### Data segment
________________

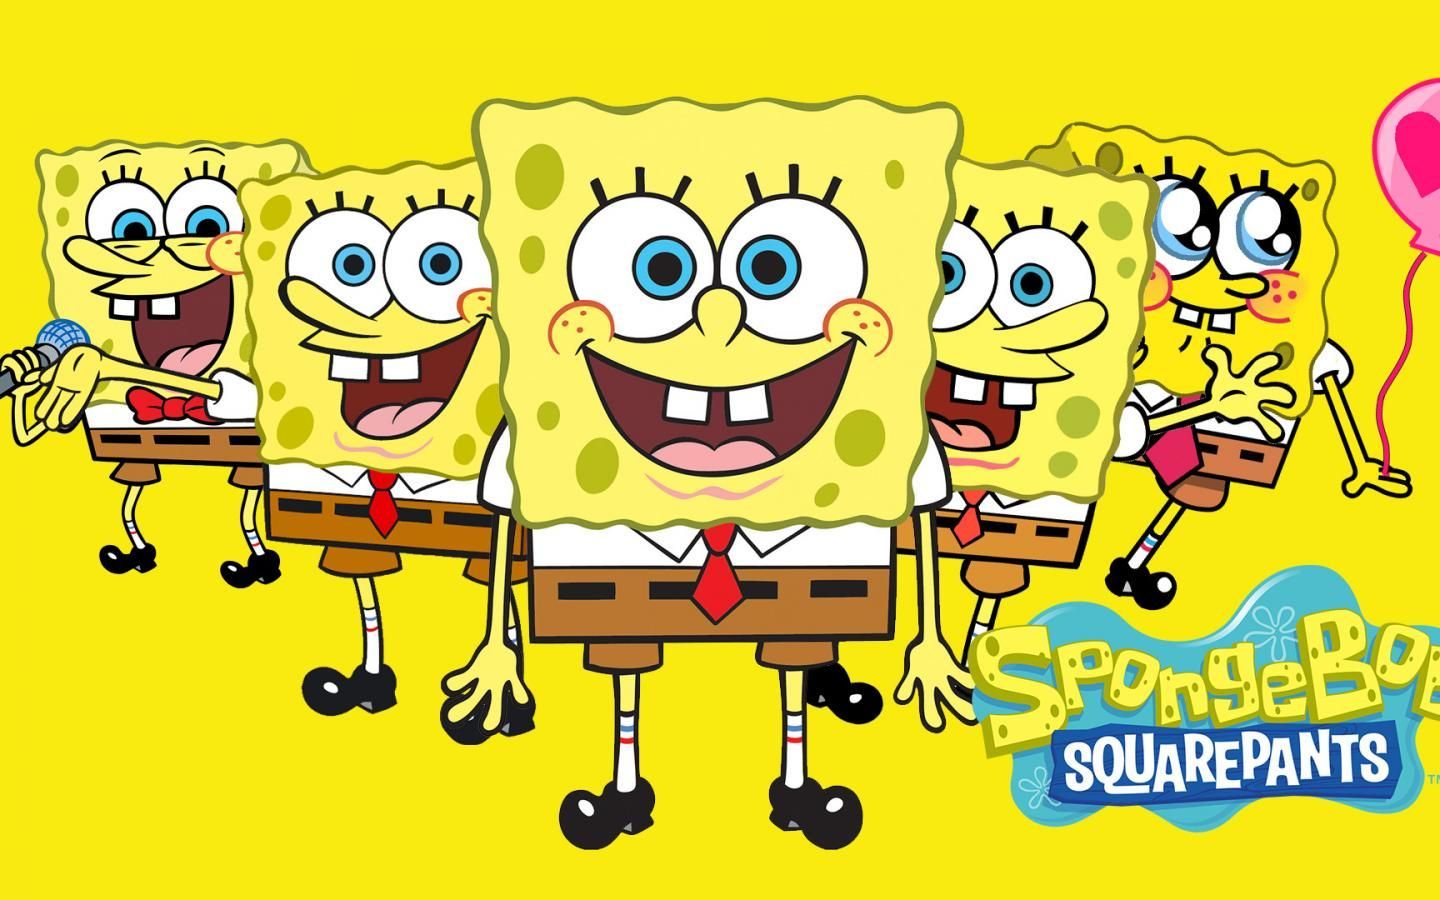 Spongebob Squarepants Desktop Wallpaper. Spongebob wallpaper, Cartoon wallpaper, Spongebob
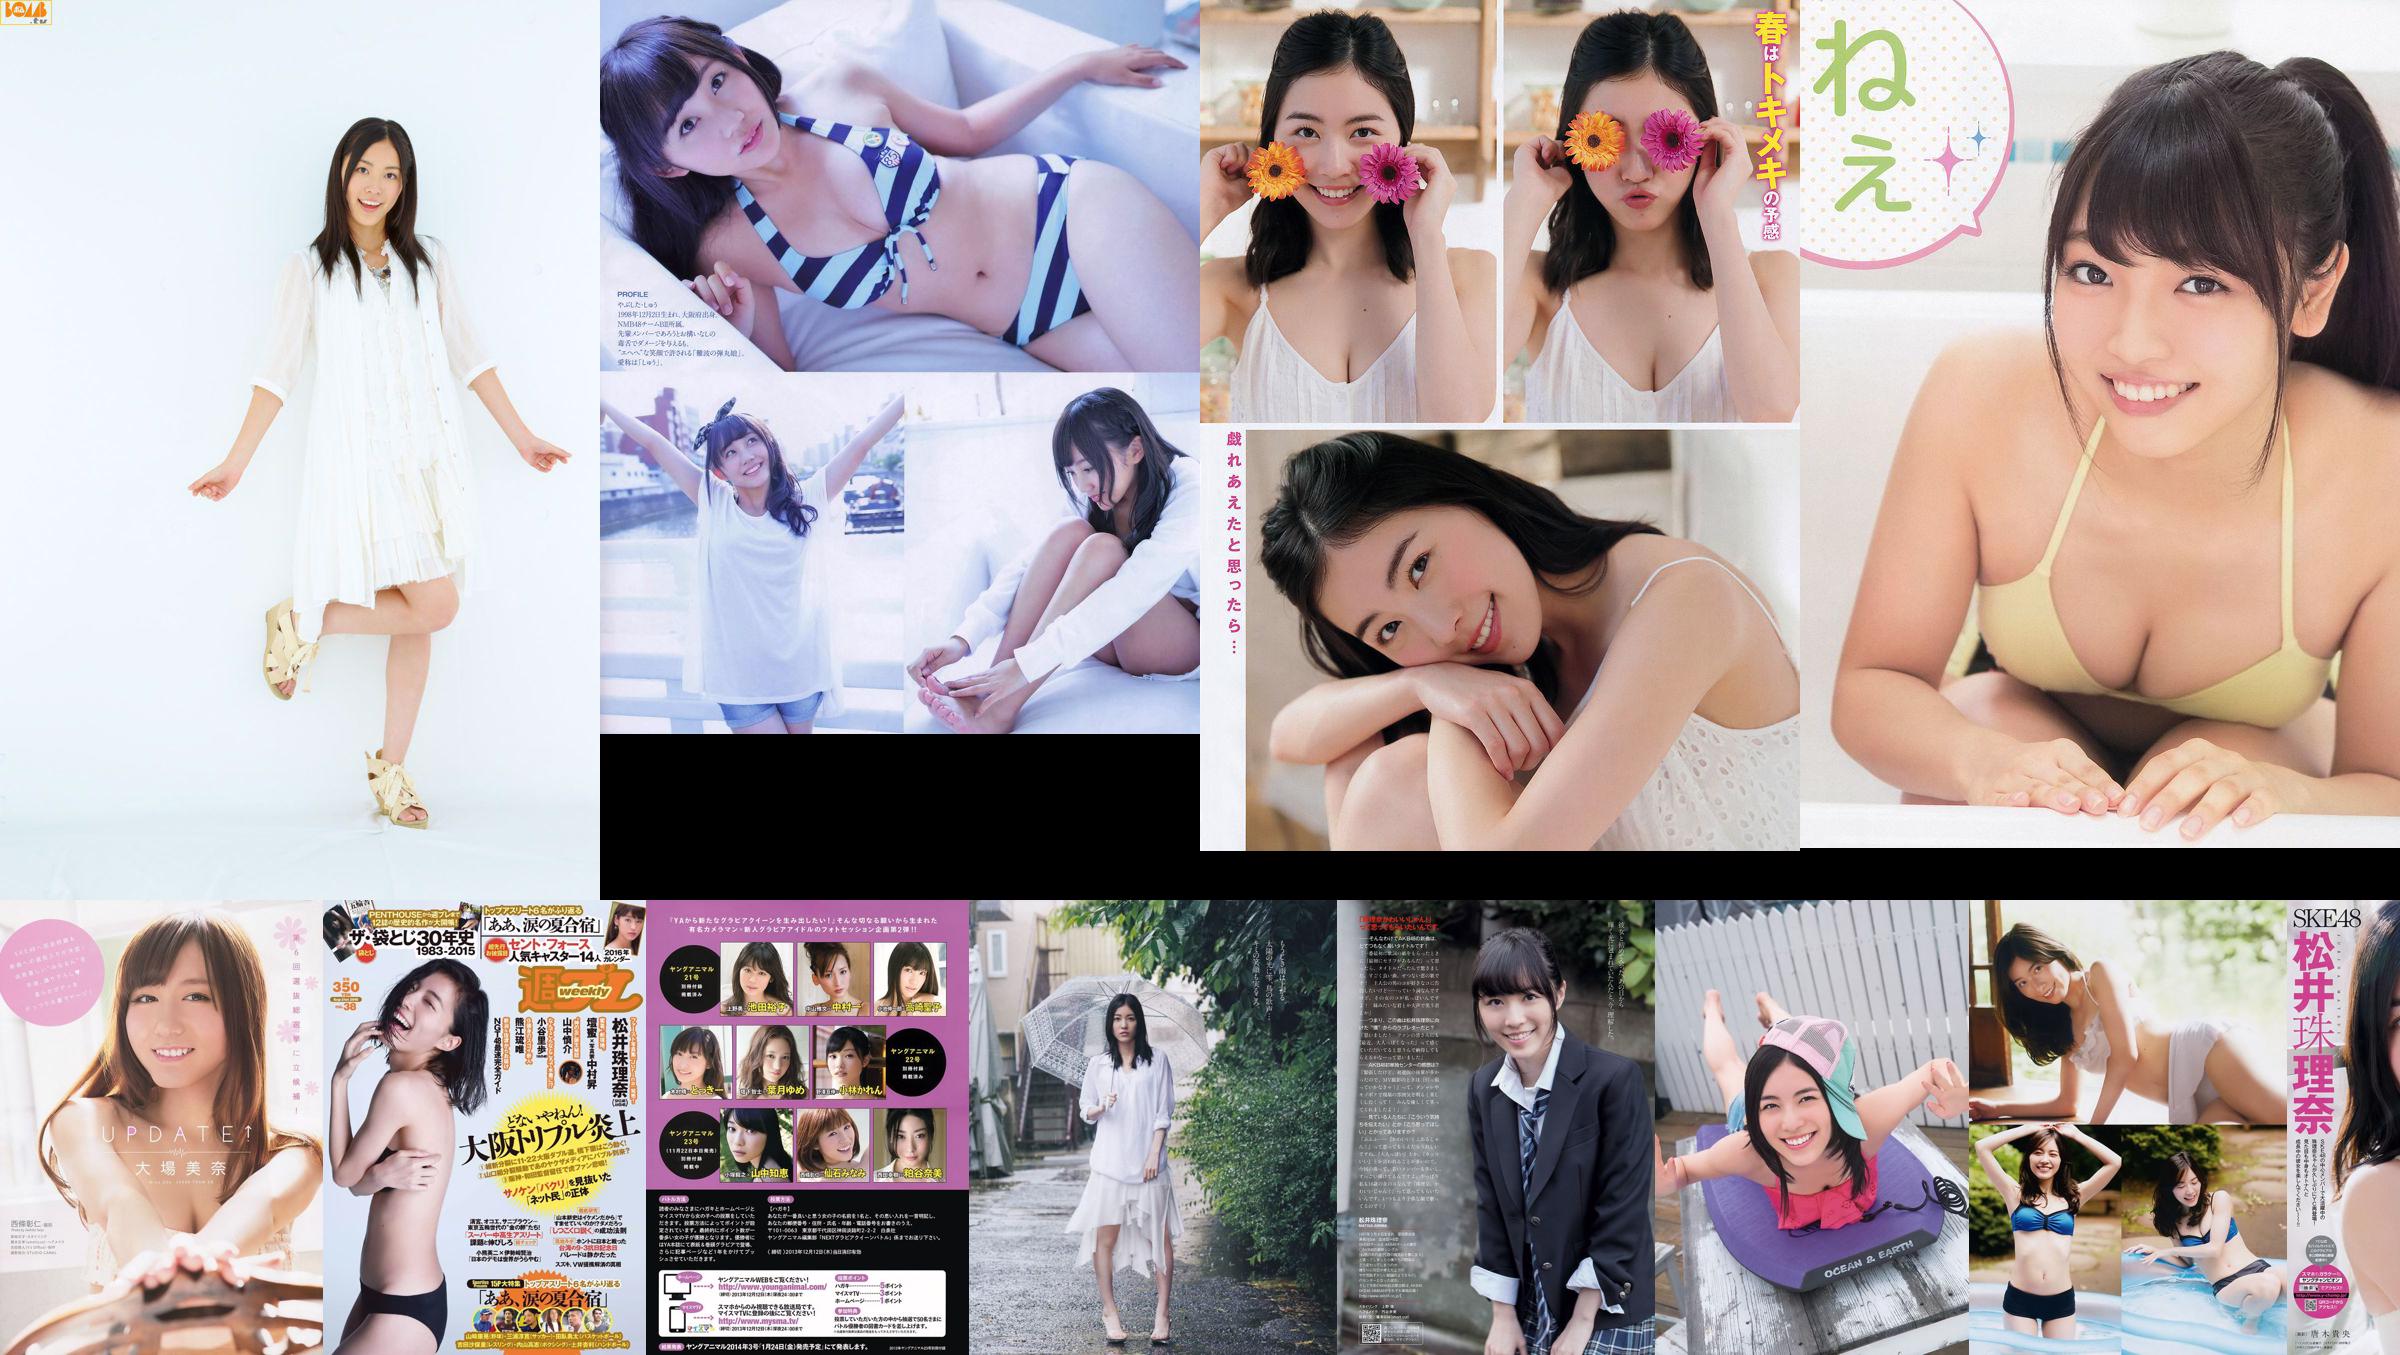 [FLASH] Jurina Matsui Manami Hashimoto Mariko Seyama Akane Takayanagi Mana Sakura 2015.10.13 Foto Moshi No.833c0a Halaman 12
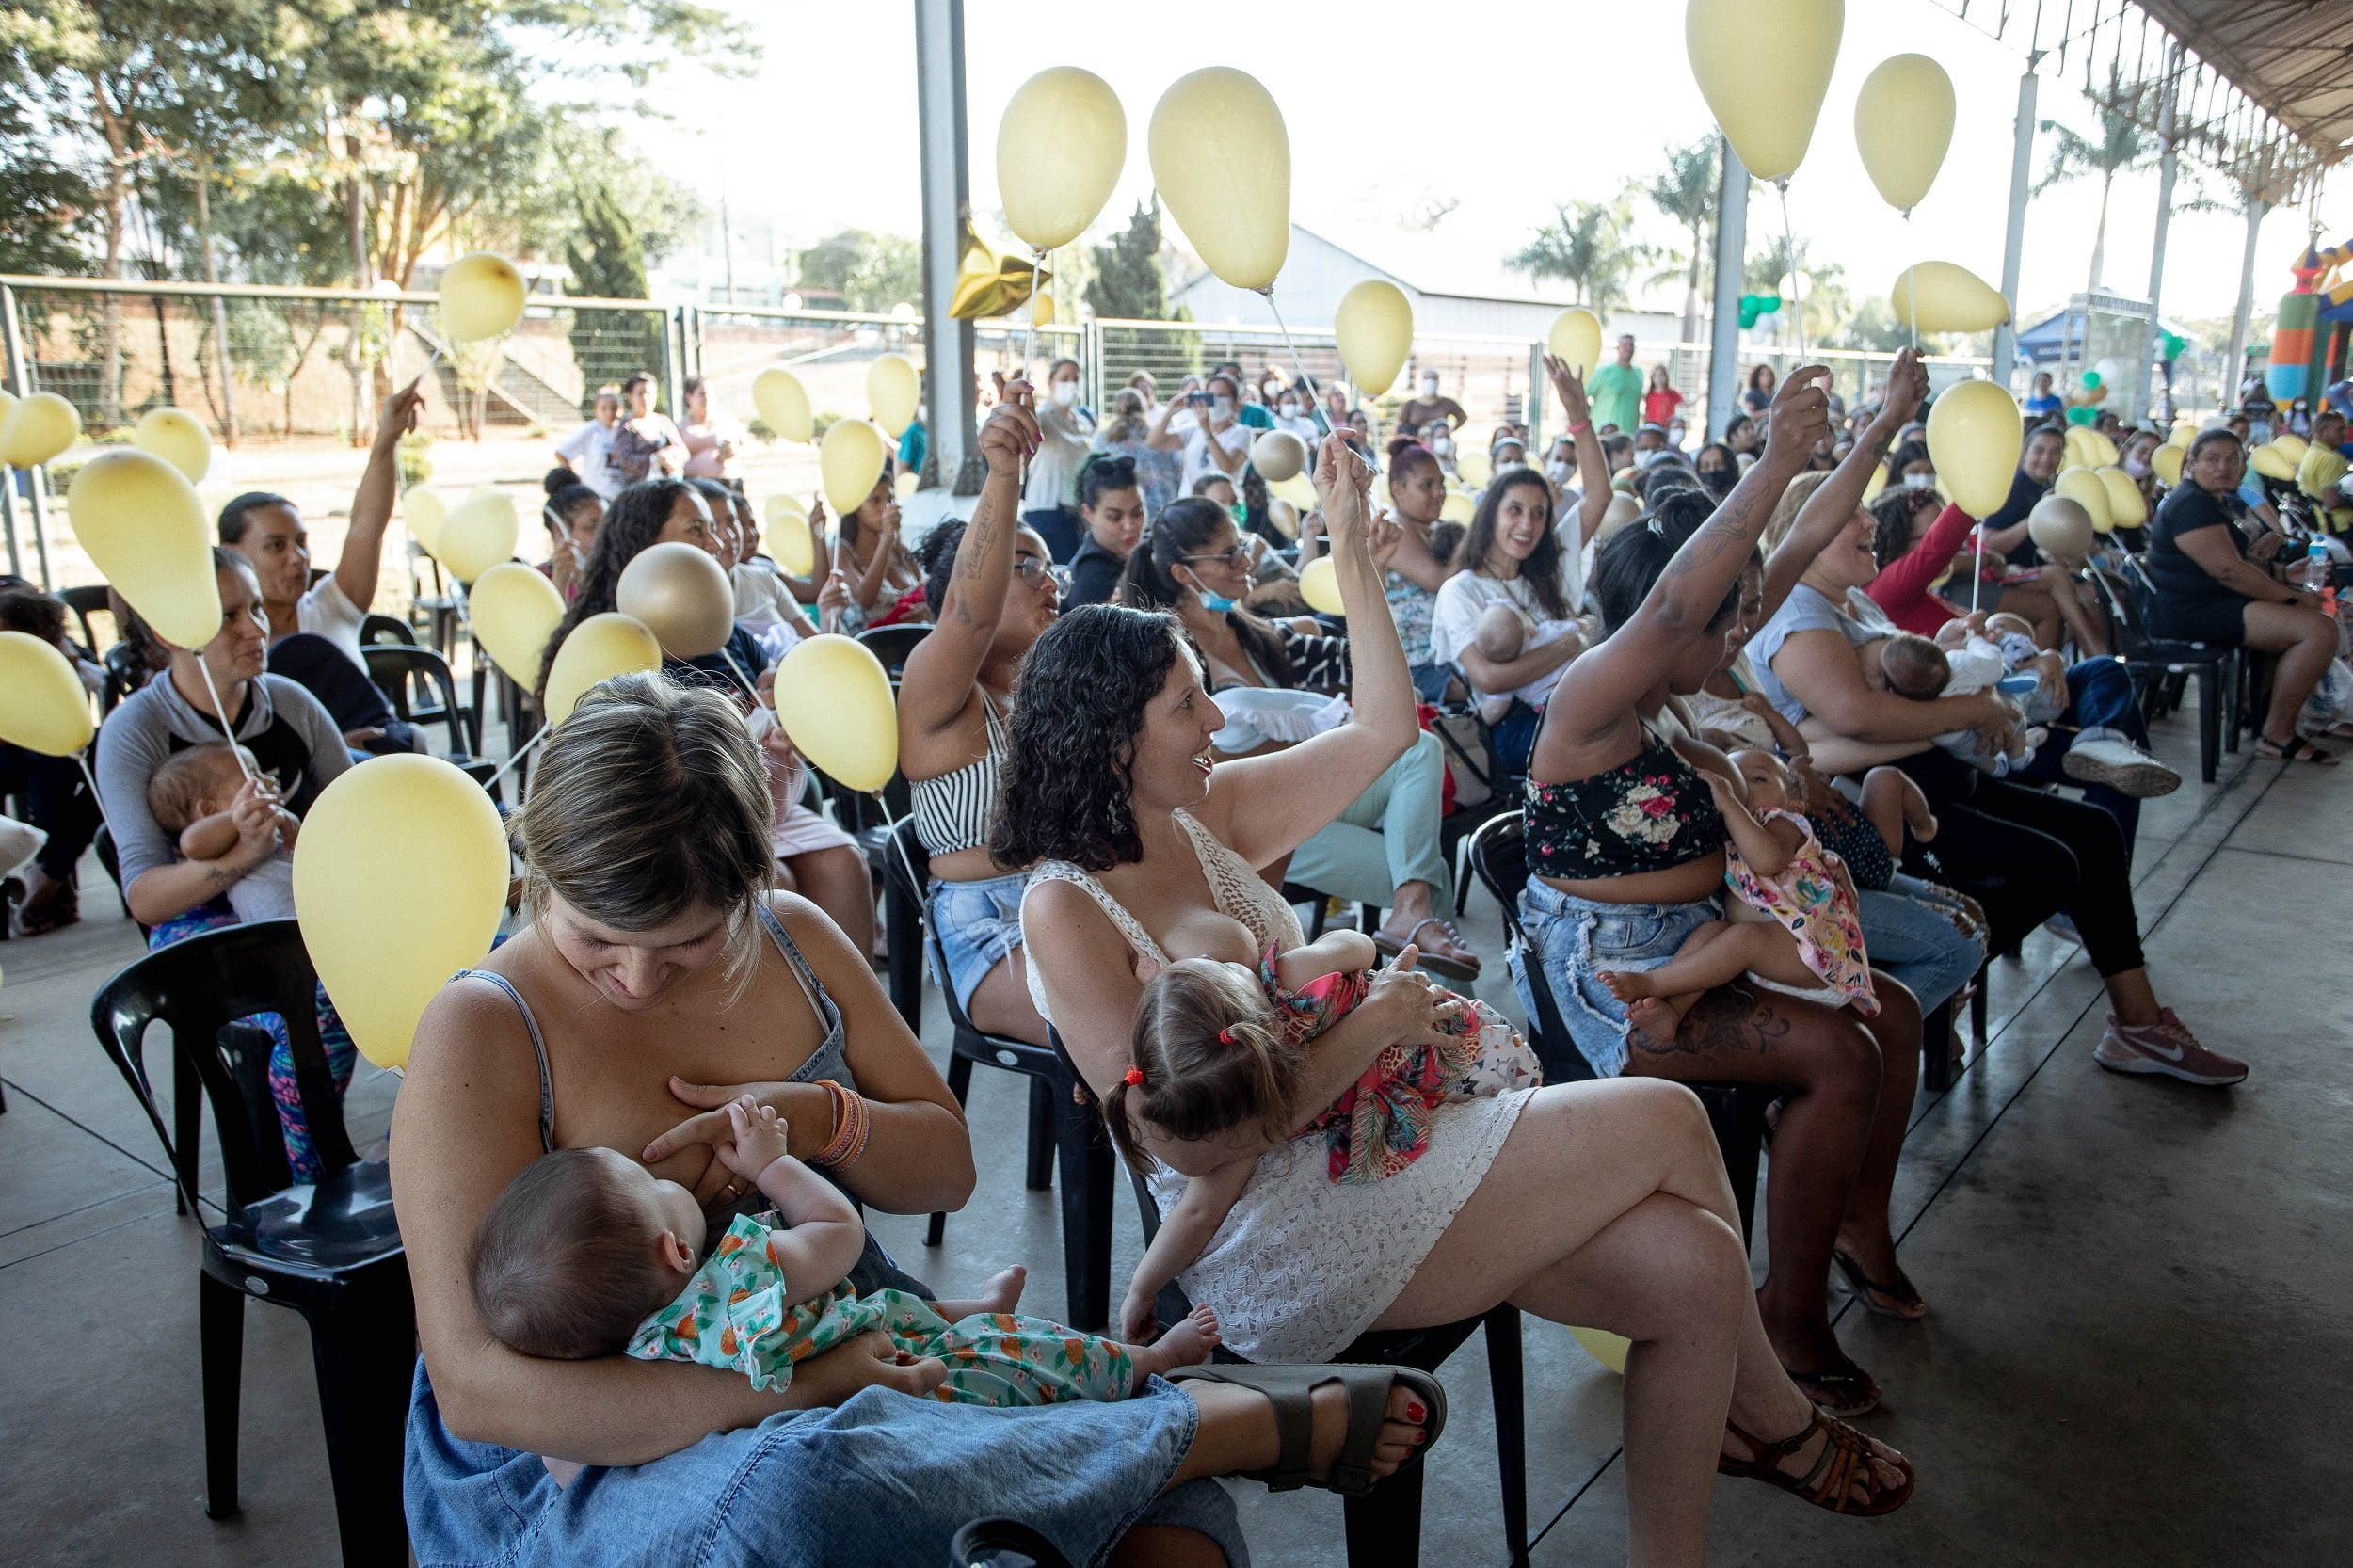 Mulheres amamentam seus bebes na Estação da Paulista e agitam balões em alusão ao Agosto Dourado realizado no ano passado

________________

### Task details
The line containing "[FLASH] Jurina Matsui" and every line after it, through the end of the material above, are to be printed exactly; no pictures belong in the output.

### Written reply
 [FLASH] Jurina Matsui Manami Hashimoto Mariko Seyama Akane Takayanagi Mana Sakura 2015.10.13 Foto Moshi No.833c0a Halaman 12
 Mulheres amamentam seus bebes na Estação da Paulista e agitam balões em alusão ao Agosto Dourado realizado no ano passado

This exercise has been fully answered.